Fanatasy football seems no more empty or silly than actually watching a footbal game. Both are equal wastes of time. :wink:

Slight whoosh – Kiper did not make his name as a fantasy football guy. He’s an NFL draft / college football expert.

Furt is just demonstrating that the “cult of the ersatz expert” has been around just about as long as television coverage of the NFL. Banks erroneously blames the popularity of fantasy football for an aspect of NFL coverage that dates back at least as far back as the dawn of Howard Cosell’s career. Also, anyone that came up watching the NFL in the 70s and 80s will recall the likes of Jimmy the Greek and Pete Axthelm.

I don’t watch or follow Real Football or Fantasy Football, but I have to say that this trabid, foaming-at-the-mouth screed reminds me of the condemnation poured out on Dungeons and Dragons and other role-pklaying games back about 1980 or so. “What’s wrong with these people? Isn’t reality good enough?”
Og knows, there’s plenty of stuff I don’t care for – Professional Spots, Rap Music, Magic–The Gathering, Romance Novels – but I don’t condemn them for it.

Well, they were gamblers.

There’s a fundamental difference between gambling and fantasy. Gambling still requires that you consider the game the was it way designed. Fantasy requires that you wish they use your guys, to the detriment of perfect strategy.

Betting with a point spread on a game keeps THE GAME interesting. It evens out two unequal teams AND you still end up rooting for teams as you did when you don’t bet. You’re watching football the way the game is designed. . .you’re rooting for one team to stop another one.

Even betting on over/unders requires a critical look. . .not at “TEAM vs. TEAM” but at “OFFENSE vs. DEFENSE”, again, the way the game is designed.

Fantasy. . . You got 10 guys. He’s got 10 guys. You’re trying to follow all of them. What are you watching? What are you rooting for? What if you have the QB and your opponent has his #1 receiver?

The game is designed for one team to play against the other. When you look at it that way, fantasy is definitely like the class nerd.

That said, there’s a place for the class nerd. I’m not down on guys who want to look at foots that way. I’m just not one of them.

This is why I developed the 1-On-1 Pool – the feeling of “getting the win” and trying to make “the playoffs”, without changing the fundemental way I watched the game. I love trying to picking winners, and I love rooting for my team (and against my particular hated teams), but I saw the way FF was changing the way friends were approaching the game.

It drives me nuts when some of the rabid Eagles fans I work with are happy about the Giants performing well, because they have Barber or Shockey on their FF team. Damnit! I’m the Giants fan, you’re the Eagles fan, and we’re supposed to do nothing but talk smack to one another!
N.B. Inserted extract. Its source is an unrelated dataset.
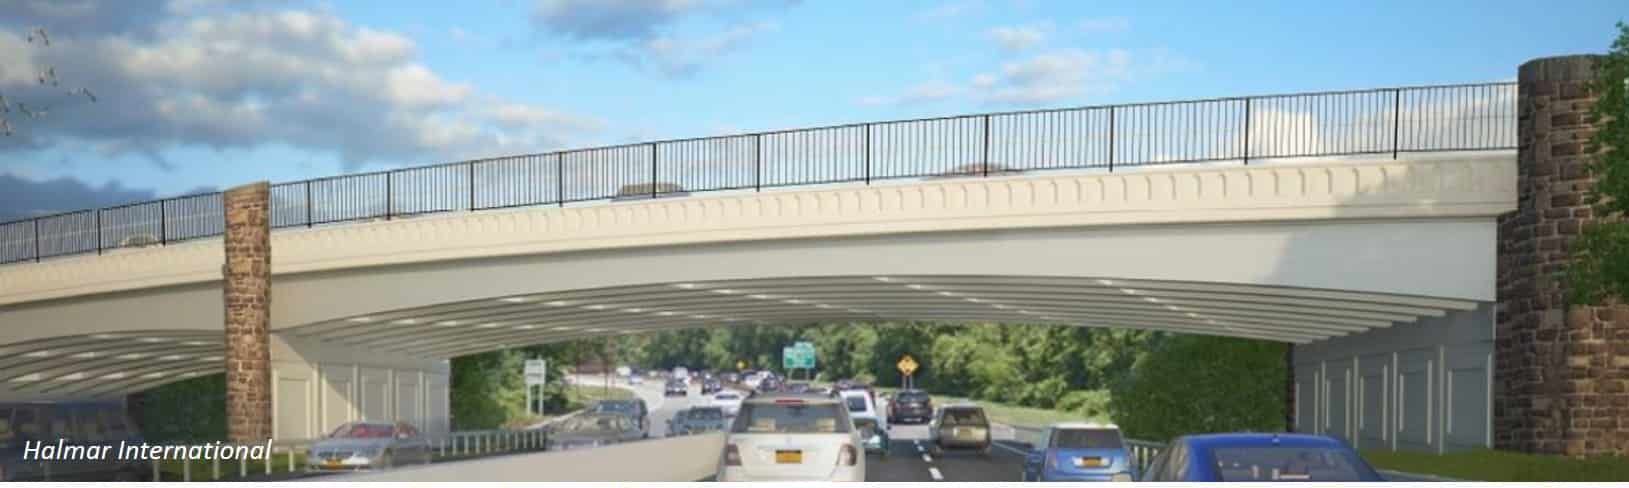 Bridges for NYSDOT Design Build in Lower Westchester Rendering

I’d be miserable if I happened to have McNabb fall to me in a FF league, having to cheer on an Eagles QB <shudder>.

But, to each their own…

Of course he’s a pompous blowhard; that’s my point – those sorts of “experts” abound – 95% of sports radio is the same – with or without fantasy football. So his blame is ridiculous.
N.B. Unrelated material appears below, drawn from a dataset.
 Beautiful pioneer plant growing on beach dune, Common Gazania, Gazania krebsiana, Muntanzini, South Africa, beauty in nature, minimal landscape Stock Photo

He’s right – fantasy football isn’t about football. It’s even worse with fantasy baseball. If people want to play that, fine (you don’t even need real players – I did it with baseball cards 30 years ago), but don’t get it confused with the sport.

Good rebuttal, furt.

It’s amazing how everyone thinks that fantasy sports are a relatively recent development. It’s only the popularity of the game that’s become prominent lately.

I’ve been running fantsy football leagues for 15 years now, and I was playing Strat-o-Matic baseball as a kid. I played the sports as well; it was a way to keep going on rainy or snowed-in days.
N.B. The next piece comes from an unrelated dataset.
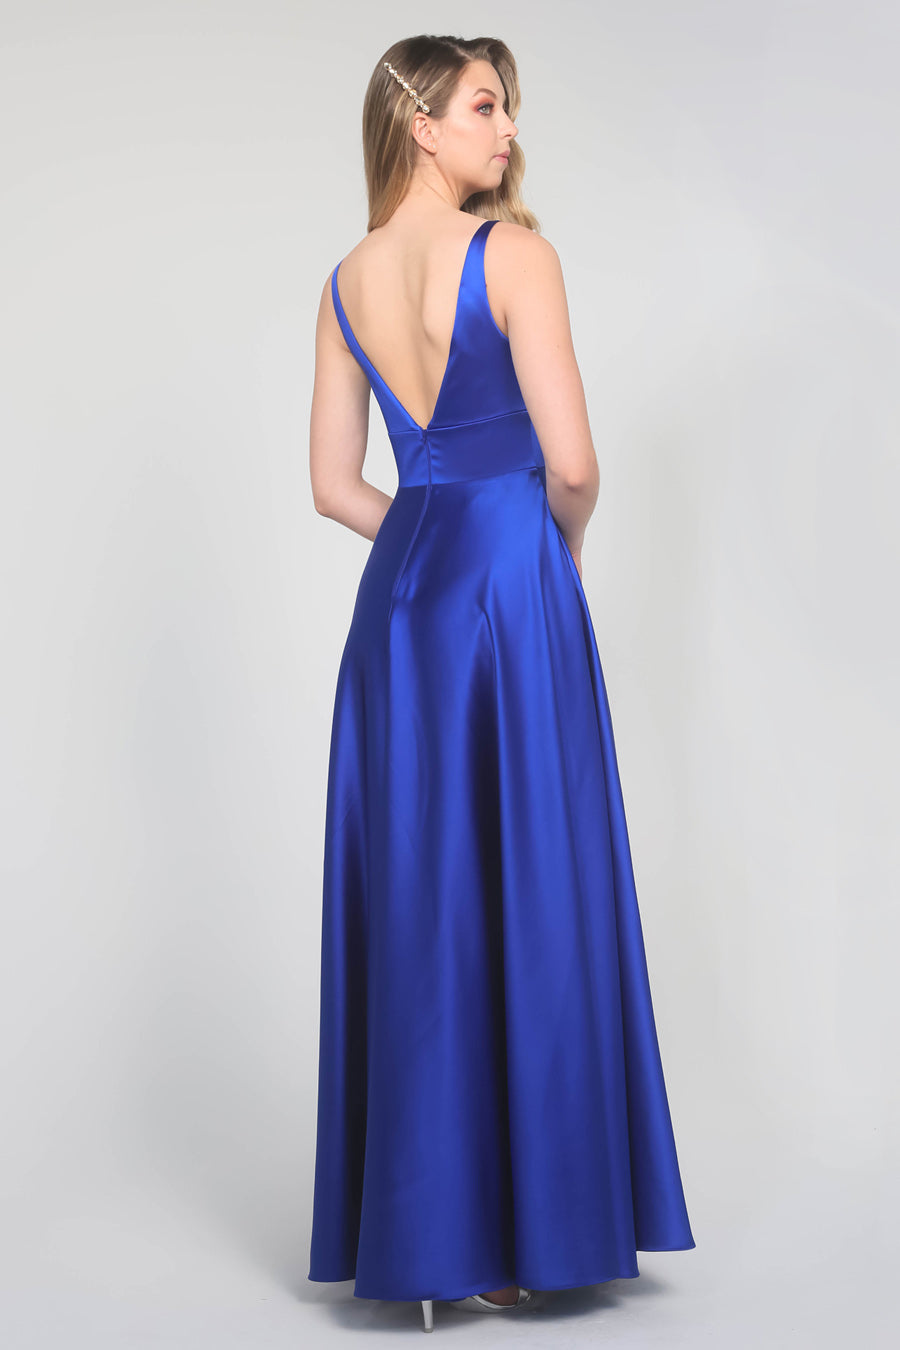 Tinaholy Couture Designer BA269 Royal Blue Satin Formal Dress Tina Holly Couture$ AfterPay Humm ZipPay LayBuy Sezzle

Nice strawman attack on the “geek” factor- almost all the fantasy players I know are what could be called “jocks,” supposedly the antithesis of geekdom.

Add money and you’re just gambling. It has its place, but it is not the sole reason for fantasy leagues, regardless of what the money grubbers want you to think now.

Besides, we know who the true Steeler fans are, don’t we Airman?